The Coopers and the Dockyard Men are all a going to strike.
And soon there’ll be the devil to pay, without a little Mike,
The farming men of Suffolk have lately called a go,
And swear they’ll have their wages rose, before they reap or sow.
We are all familiar with the carefully got up mendicants who infest the streets of London, with their mournful howls—how that they are “Frozen-out gardeners,” or “Have got no work to do,” etc., etc.; and in the early part of the century they were more numerous than now, as the police were not so efficient. One sample of this style of ballad must suffice.

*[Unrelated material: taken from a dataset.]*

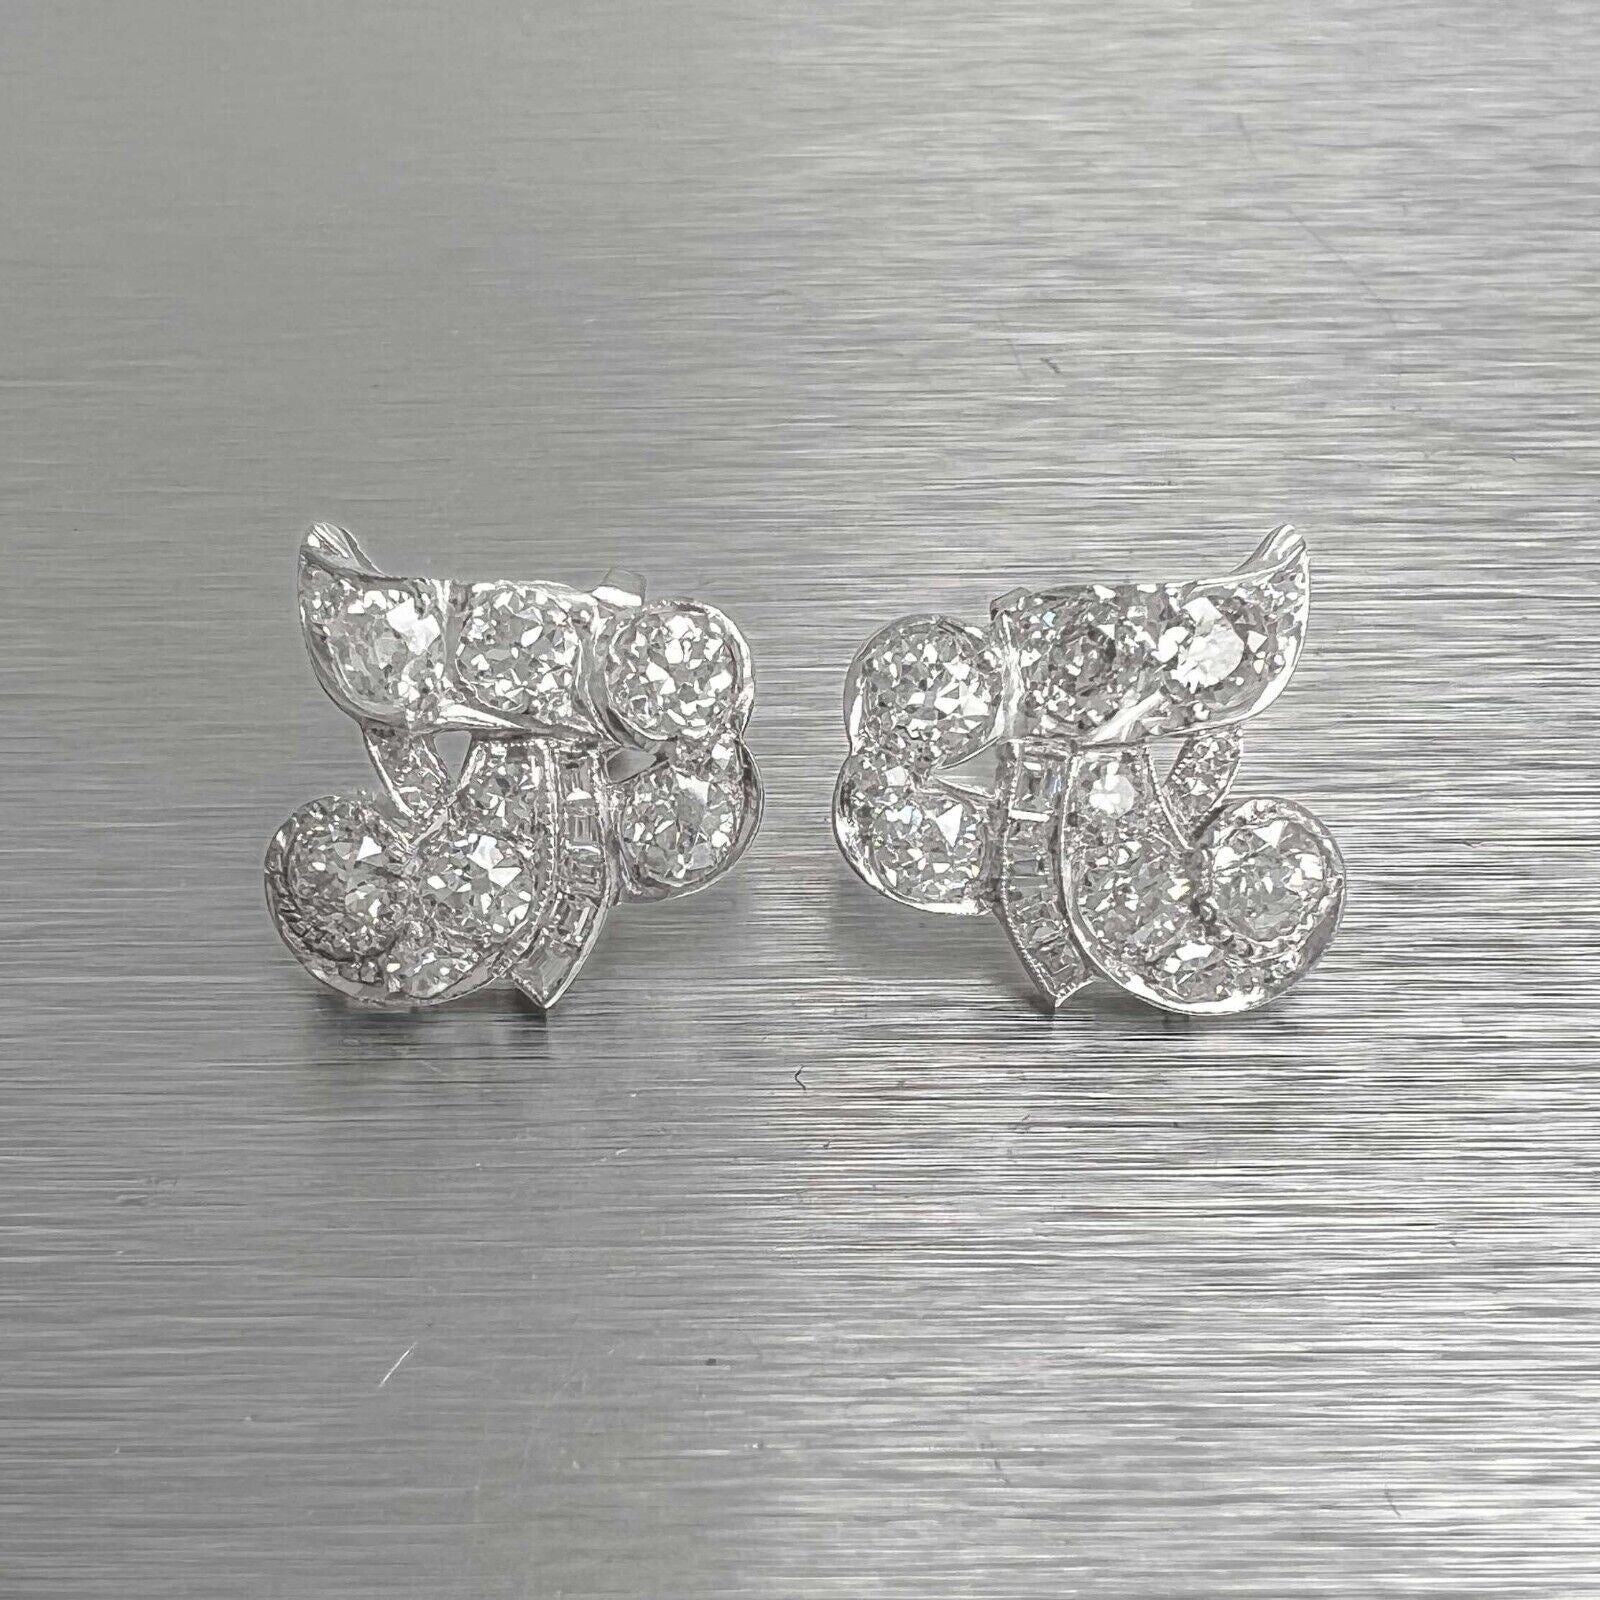 Cartier 1960s Pre-owned 18kt Yellow Gold Diamond Clip Earrings

THE MECHANIC’S APPEAL TO THE PUBLIC.
Give attention awhile to my rhymes,
Good people of every degree,
I assure you these critical times
Have reduced me to great poverty.
I’m a tradesman reduced to distress,
Dame Fortune on me long has frown’d,
And that is the cause, I confess,
Which compels me to roam up and down.
Chorus.
Then good people attend to my rhymes,
And pity a tradesman reduced;
For appealing to you in these times,
I submissively hope you’ll excuse.
I once did in happiness dwell,
With my family around me, at home;
And little, (the truth I will tell)
Did I think I’d have cause for to roam.
But misfortune, she owed me a grudge,
And entered in my Cottage door,
And caused me in sorrow to mourn,
And my misery long to deplore.
Mechanics are now at a stand,
And trade, in all quarters, is bad,
They’re complaining all over the land,
And their children are hungry and sad.
Travel Britain wherever you will,
You may behold everything dead,
The tradesmen are all standing still,
And their children are crying for bread.
My family now weep in distress,
With cold and with hunger they cry,
Which grieves me to see, I confess,
No food, nor employment have I.
The Weather is cold and severe,
And I do in sorrow lament;
I have no food for my Children dear,
And my goods are all taken for rent.